If you are using two schemas, you can have tables with the same name in both schemas.
Schemas are useful for:
- Namespacing: You can use schemas to group related objects together.
- Access control: You can use schemas to control access to objects.
- Object sharing: You can use schemas to share objects between databases.
Tables
Just like regular SQL databases, each table has rows and columns.
Each column has a name and a data type, which means that each column in a table has a specific type of data it can hold.
There are certain limits to the number of columns in a table (from 250 to 1600 according to their docs).
Rows in Postgres doesn't have identifiers attached to them (like columns), which means that you can have multiple rows holding the exact same values.
In high-scale production environments, you can have billions of rows in a single table.
Data types
Postgres supports a wide range of data types.
Text, integer, boolean, date, and timestamp are some of the most common data types.
But you can also use more complex ones like arrays, JSON, geotypes, hstore, etc.
Besides the built-in types supported out-of-the-box, you can also create your own types.
You won't be able to insert a string into an integer column, for example. That's why PostgreSQL is known as a "type safe" database.
This allows to perform computations on the db side (like calculating the average of a integer-type column), which is usually faster and more efficient than doing it on the application side since it's closer to the data with no need for network back and forth.
RLS (row-level security)
One of the most important features of PostgreSQL is its row-level security (RLS).
RLS is a security feature that allows you to restrict access to rows in a table based on, for example, the user's role.
It's a great way to protect sensitive data from being accessed by unauthorized users.
It follows the principle of least privilege, which is a security best practice (only grant the bare minimum permissions).
You can leverage RLS to create a multi-tenant application, where all tenants have their data in the same table, but the data is isolated from each other without any need for complex joins, subqueries or adding logic on the application side.
PL/pgSQL
PL/pgSQL is the procedural language for PostgreSQL. The main difference between PL/pgSQL and SQL is that PL/pgSQL allows for more complex logic and control flow.
Using it allows for batching multiple operations together, which is faster and more efficient (less network overhead) than executing each operation separately like in a regular SQL statement.

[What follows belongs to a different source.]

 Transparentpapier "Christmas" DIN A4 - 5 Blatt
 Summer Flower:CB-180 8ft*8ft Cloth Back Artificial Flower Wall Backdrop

Some features of PL/pgSQL include:
- Control flow: It allows if-else, while, for, case, exception handling, etc.
- Stored procedures: You can create stored procedures, but keep in mind they don't return anything.
- Functions: You can create functions to encapsulate logic, reuse them and return a result.
- Triggers: You can create specific triggers based on events on the db.
Indexes
Indexes are used to speed up data retrieval.
By creating indexes, you provide Postgres a more efficient way to locate the data associated with a query without having to go through every single row in the table.
You can think of indexes similar to an index in a document. The reader can easily find the location when provided with the index, same thing with Postgres.
There are several types of indexes in Postgres, including:
- B-tree: The most common type of index. It's a balanced tree structure.
- Hash: It's a hash table. It's faster for equality queries.
- GiST: It's a generalised search tree. It's used for text search and full-text search.
- GIN: It's a generalised inverted index. It's used for text search and full-text search.
- SP-GiST: It's a space-partitioned generalised search tree. It's used for text search and full-text search.
- BRIN: It's a block-range index. It's used for text search and full-text search.
You should choose the right type of index based on the type of query you are running and the data you are trying to retrieve.
There are some caveats to consider when creating indexes:
- They can make it slower for inserts and updates, since the index needs to be updated too.
- They require additional storage.
Usually indexes are used when you have:
- Frequent queries on the same data.
- Sort operations are frequent.
- The DB is read-heavy.
Transactions
Transactions ensure that the data is consistent and that concurrent transactions cannot read inconsistent data.
Basically, it groups multiple operations together and if all of them are successful, it commits the transaction, otherwise it rolls back the entire transaction (even if some of the operations were successful).
It follows the ACID properties:
- Atomicity: It ensures that all operations in a transaction are treated as a single unit (either all of them are successful or none of them are).
- Consistency: It ensures that the data is consistent before and after the transaction.
- Isolation: It ensures that concurrent transactions happens in isolation from each other and would render the same db-state as if the transactions were executed in sequence.
- Durability: It ensures that even if the system crashes, the transaction is still committed.
Concurrency
Postgres uses a multi-version concurrency control (MVCC) to handle concurrent transactions.
This allows for concurrent transactions to read the same data without having to lock the entire table (readers don't block writers and writers don't block readers).
Each transaction see a snapshot of the data at the moment it starts plus the changes made by the current transaction.
Extensions and plugins
Given that Postgres is an open-source project, it's possible to extend its functionality by installing extensions and plugins developed and maintained by the community.
Extensions are pieces of code that add new features to Postgres. They can be used to add new data types, functions, operators, etc.
Some of the most popular extensions include:
- PostGIS: It's an extension that adds support for geographic objects and spatial indexing.
- pgvector: it allows for vector-based operations, like finding the nearest neighbors (using cosine similarity and other similarity metrics).
- pg_stat_statements: tracks the execution of SQL queries and provides a lot of useful statistics like the most frequent queries, the most expensive queries, etc. so you can get insights and help debug your queries.
Hopefully, this article was a good introduction to the most important concepts of PostgreSQL.
If you want to learn more about PostgreSQL, I recommend you to check out the official documentation and build your own project using it :)